――日本は地政学的な観点からも独自の役割を果たせるということですね。2つ目の質問は、「ものづくり」についてです。高度経済成長後、韓国や中国といったアジア諸国が猛追し、大量生産に限って言えば追い抜いています。地政学的な緊張もあって、米国をはじめとした世界各国がハードウェアの国内製造に回帰しています。日本はそうした情勢にどう適応すべきだとお考えですか?
ウィッタカー:例えばトヨタ自動車は、「Woven by Toyota(ウーブン・バイ・トヨタ)」をもっています。ソフトウェアや自動運転技術の新事業開発部門的な役割が期待されているのでしょう。しかし、これがソフトウェア・ファーストなのか、ハードウェアと同等なのか、あるいは二番手なのか、という難しい問題があります。
この取り組みに懐疑的な人々は、依然として重点は「ものづくり」に置かれており、それがトヨタの「CASE(Connected:コネクティッド、Autonomous/Automated:自動化、Shared:シェアリング、Electric:電動化の頭文字を取った領域)」への対応を遅らせている、と言っています。伝統的にハードウェアが強みだった日本には、ソフトウェアとハードウェアをどう融合させるかという葛藤があるのでしょう。
拙著で取り上げた日立製作所は、主に海外のソフトウェア企業買収によって、その課題に上手に対応してきた例です。GlobalLogic買収でソフトウェアの弱点を補い、ごく最近もドイツ企業を買収しつつ、「ものづくり」の強みも維持できています(編集部註:日立製作所は2025年9月、独データ・AIサービス企業synvertを買収すると発表)。そのバランスは柔軟でなければなりません。
中国のような後発国は、一足飛びにソフトウェアへ参入し、今になって「ものづくり」のイノベーションを実現するという、いわば後から穴埋めをしているように見えます。実際、中国は自動運転車開発などではうまくいっています。
とはいえ、日本は素材やプロセス技術に多くの強みをもっています。維持すべき強みはあり、依然として競争力はあると思います。それでも、トヨタのように時代に適応しようとする姿勢が重要です。課題の「囚人」にならないことが必要なのです。

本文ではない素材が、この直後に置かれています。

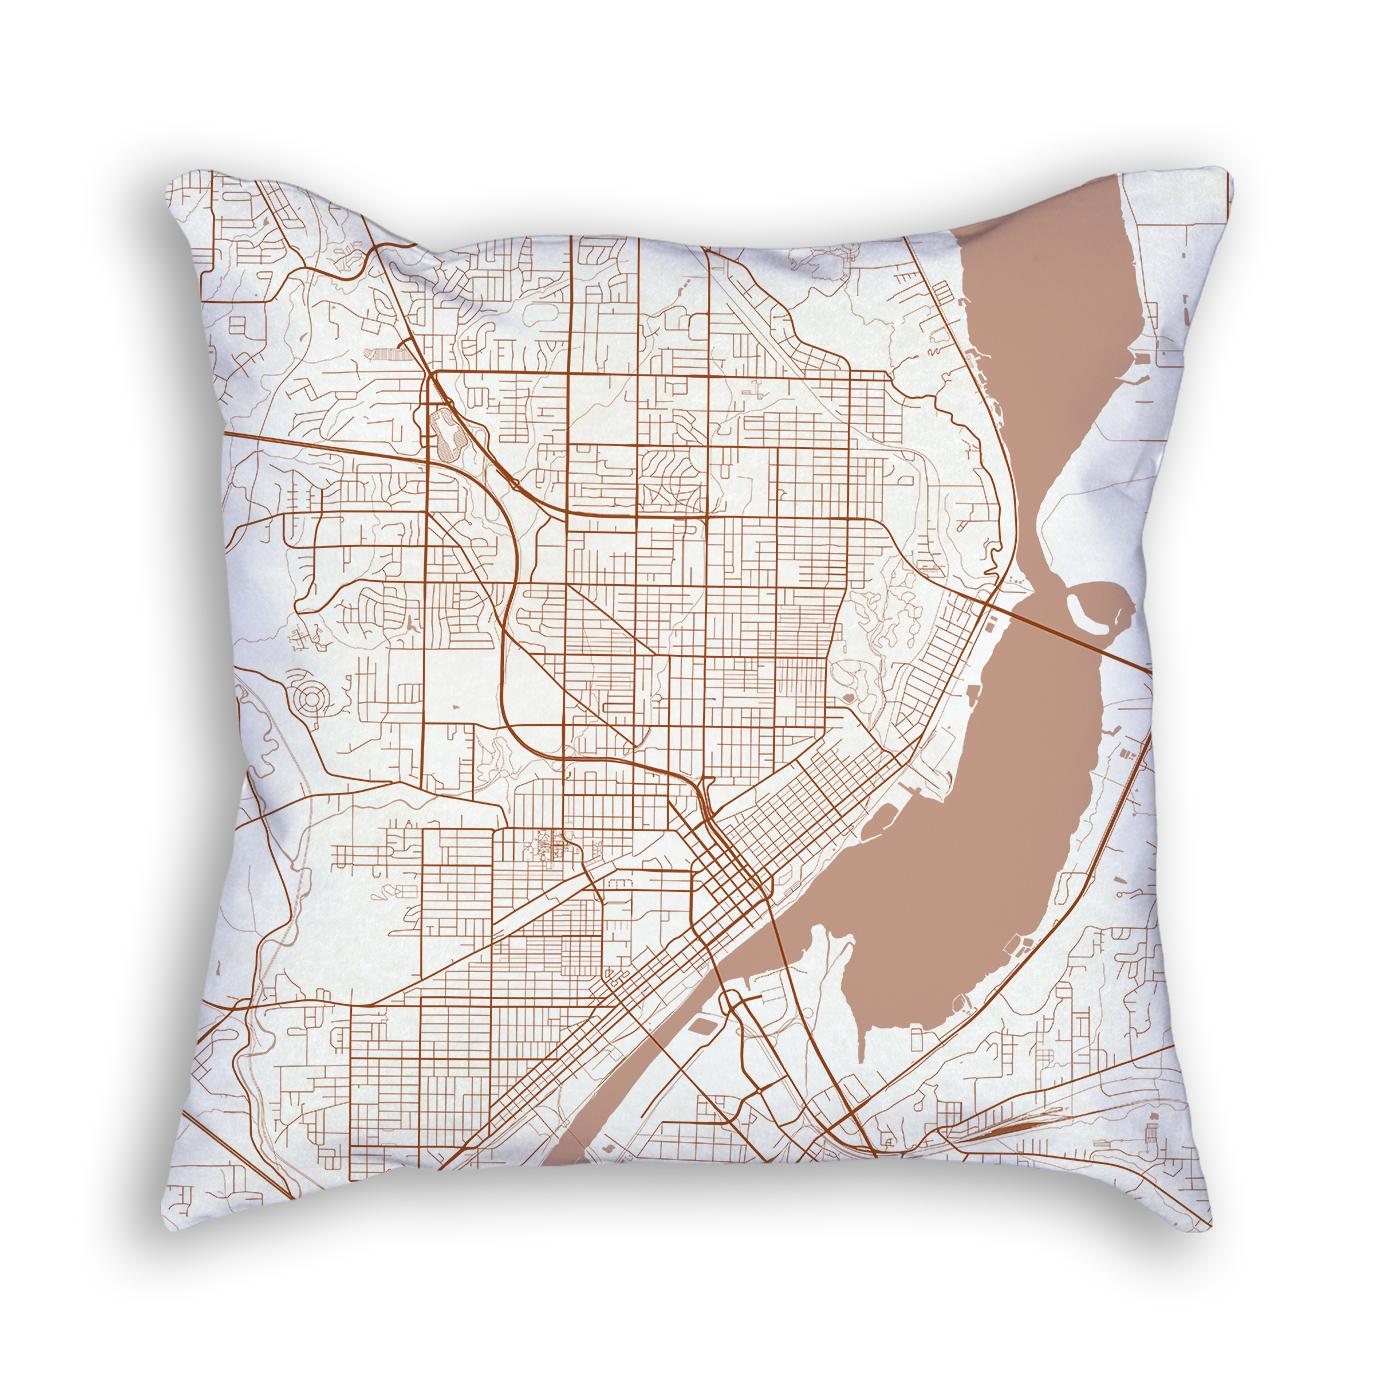 Peoria Illinois City Map Art Decorative Throw Pillow

――イギリスは戦略的思考でよく知られた国です。現在の地政学的状況下では、戦略的思考の重要性がいっそう認識されています。この種の戦略的思考で特に意識すべき点について、日本の企業経営者やリーダーシップ層にどのように助言されますか?
ウィッタカー: 難しい問題です。なぜなら、私たちは今、予測不可能な世界に生きているからです。トランプ政権の関税が翌日には解除されたり、中国が政治的な必要性からレアアース(希土類)の輸出を停止したりします。リスキーな世界なのです。
戦前の日本は「インテリジェンス(諜報活動)」に長けていたと思います。現代の日本も、個々の企業レベルだけでなく、より組織的に情報収集し、そのインテリジェンスについて議論することに長けている必要があるのではないでしょうか。優れたインテリジェンスがあってこそ、企業は情報に基づいた戦略的決定を下せるからです。
インテリジェンスはますます重要になっています。大使館やシンクタンクを通じてどのような情報が収集されるのか――。そういったことを真剣に考える必要があり、企業もその種のインテリジェンスにもっと投資する必要があるかもしれません。